▶ Required action: Using the records below, copy exactly the part that opens with the line holding "Hinchas de Alianza" and closes with the line holding "Foto: ANDINA/Ricardo Cuba", minus the pictures.

▶ Supplied entries:
══════════════════════════════

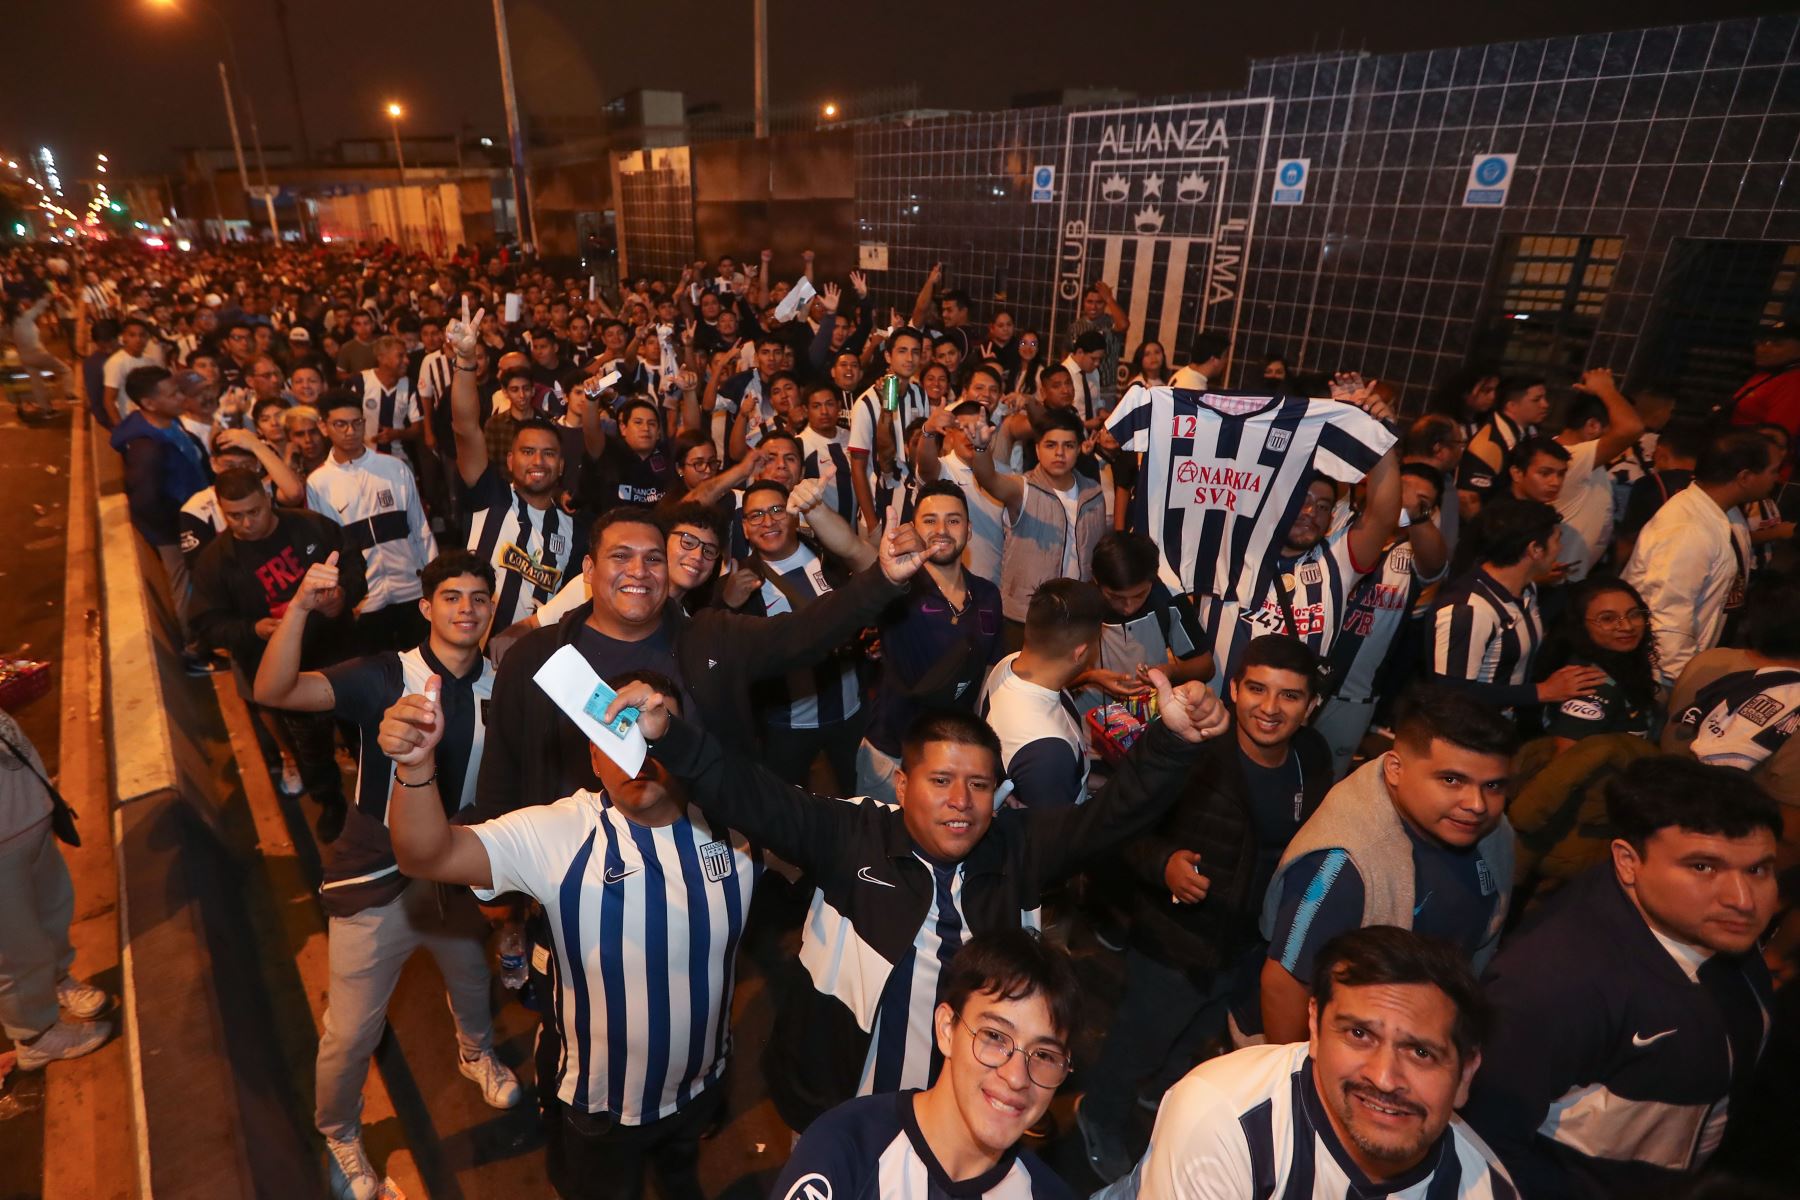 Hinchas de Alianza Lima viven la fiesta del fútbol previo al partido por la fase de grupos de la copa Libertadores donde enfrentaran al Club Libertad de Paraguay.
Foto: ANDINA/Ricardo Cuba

══════════════════════════════

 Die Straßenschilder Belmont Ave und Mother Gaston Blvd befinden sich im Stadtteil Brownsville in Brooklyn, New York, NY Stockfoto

══════════════════════════════

▶ Solved exercise:
 Hinchas de Alianza Lima viven la fiesta del fútbol previo al partido por la fase de grupos de la copa Libertadores donde enfrentaran al Club Libertad de Paraguay.
Foto: ANDINA/Ricardo Cuba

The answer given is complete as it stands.